なぜ日本にブラジル人が多いの?

日本でよく見かけるブラジル人。特に群馬県の大泉町では、町の人口に占める外国人の割合が非常に高く、その多くがブラジル出身です。この背景には、1990年の入管法の改正が大きく関わっています。

当時、日本は労働力不足を補うために、日系人を対象にした「定住者」ビザを新設しました。このビザにより、日本人の子孫である日系ブラジル人なら、比較的容易に日本で働きながら暮らせるようになったのです。

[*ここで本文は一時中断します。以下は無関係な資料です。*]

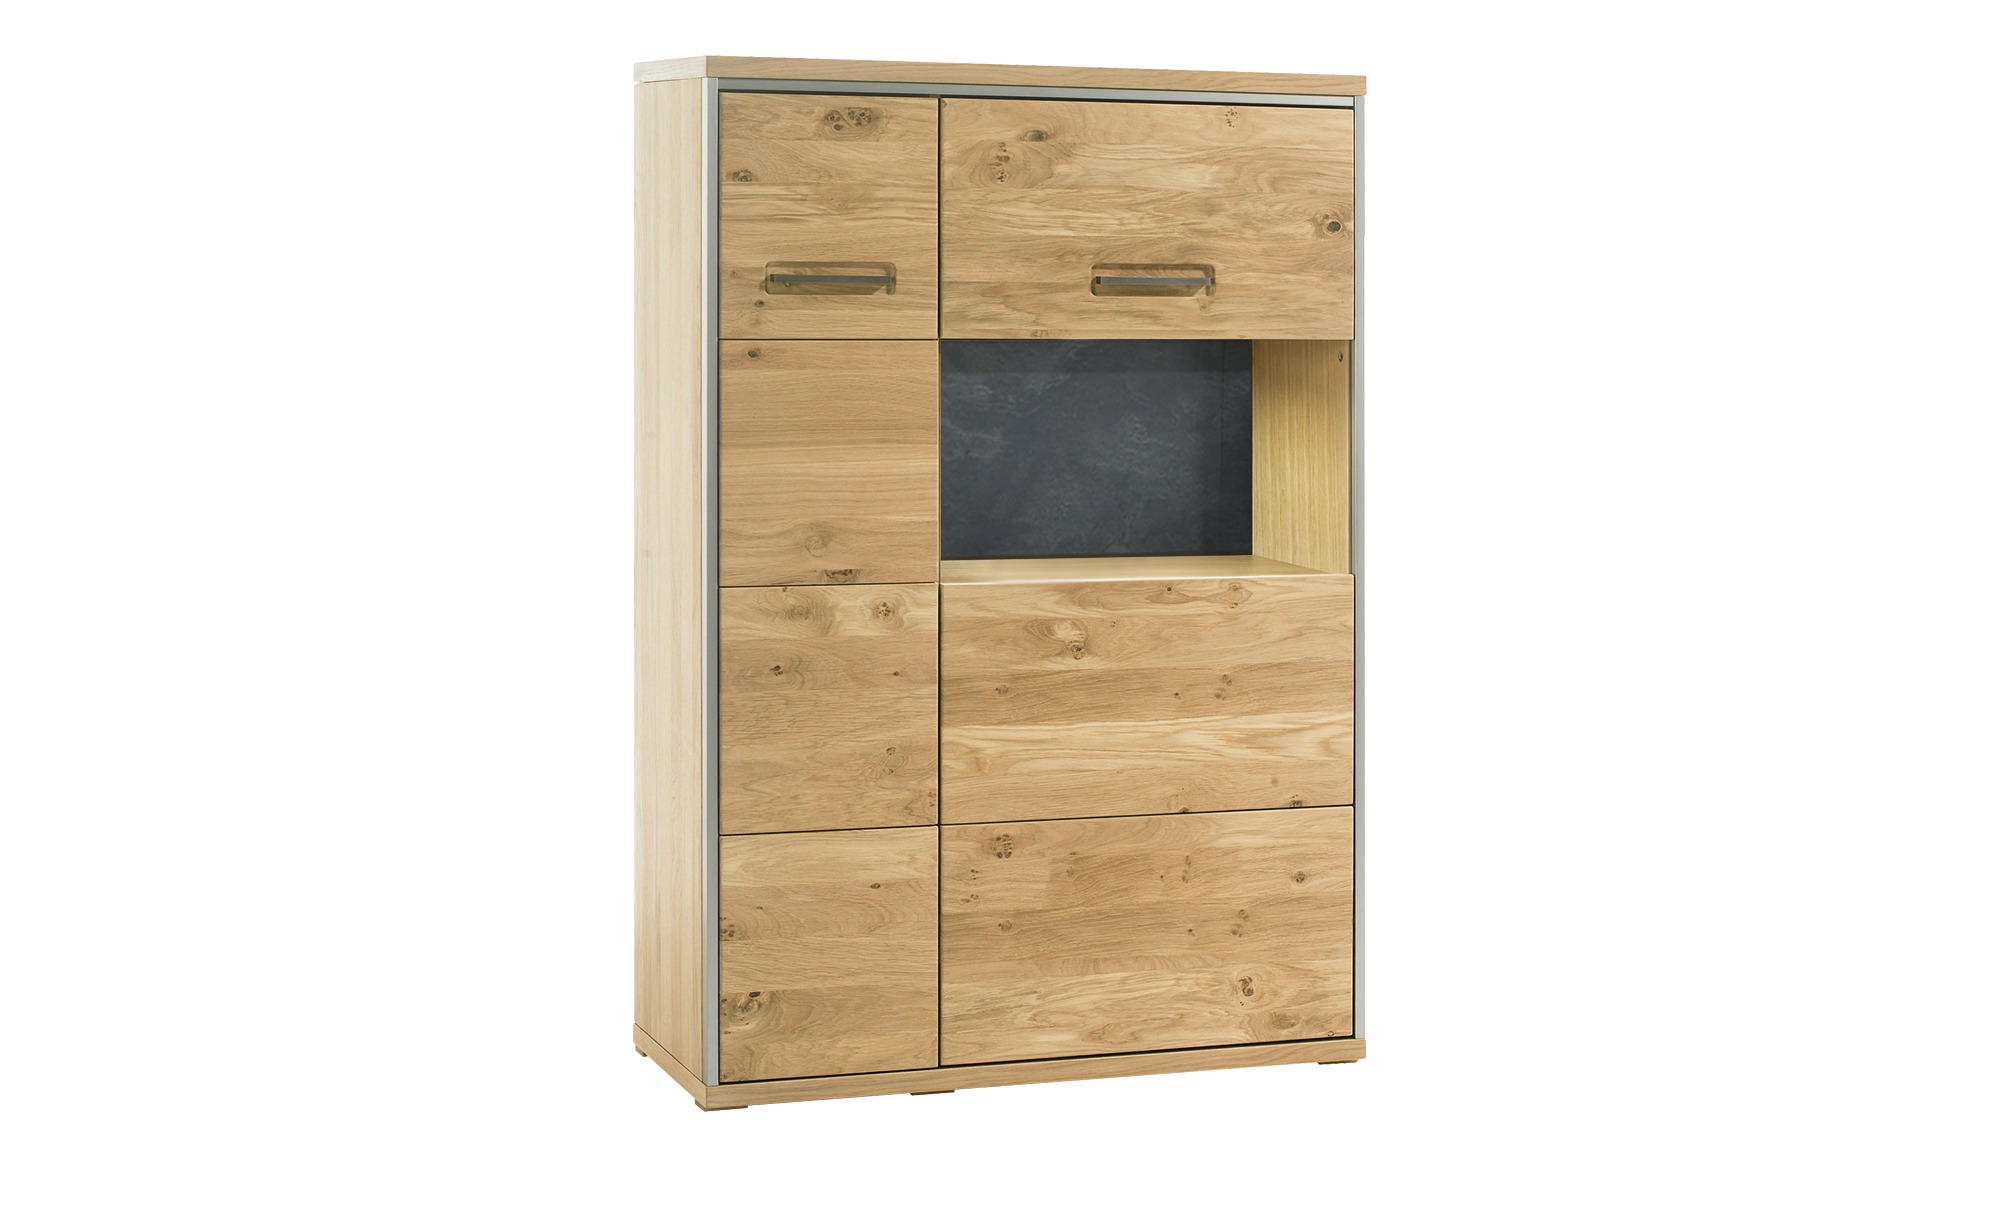 Woodford Kombi-Highboard  Felino ¦ holzfarben ¦ Maße (cm): B: 94 H: 136 T: 39 Kommoden & Sideboards > Highboards - Höffner

実際、南米に移住した日本人たちの子孫が、約100年後に「ルーツの国」である日本へ戻る形でやってきました。当初は自動車工場や製造業などの現場で多くの日系ブラジル人が働きました。彼らが安定した生活を築くと、家族や知人を呼び寄せるケースも増え、自然とコミュニティが広がっていったのです。

大泉町をはじめ、浜松、堺、熊本など、特定の地域にはブラジル人学校や教会、飲食店も増えており、文化の交流も深まっています。日本語を話す人も多く、子どもたちの中には両言語を自在に使い分ける人もいます。

ブラジル人が多い理由は、単なる経済的要因だけでなく、歴史的なルーツと家族の絆が背景にあるからこそ。今や彼らは日本の地域社会に溶け込み、多文化共生の象徴となっています。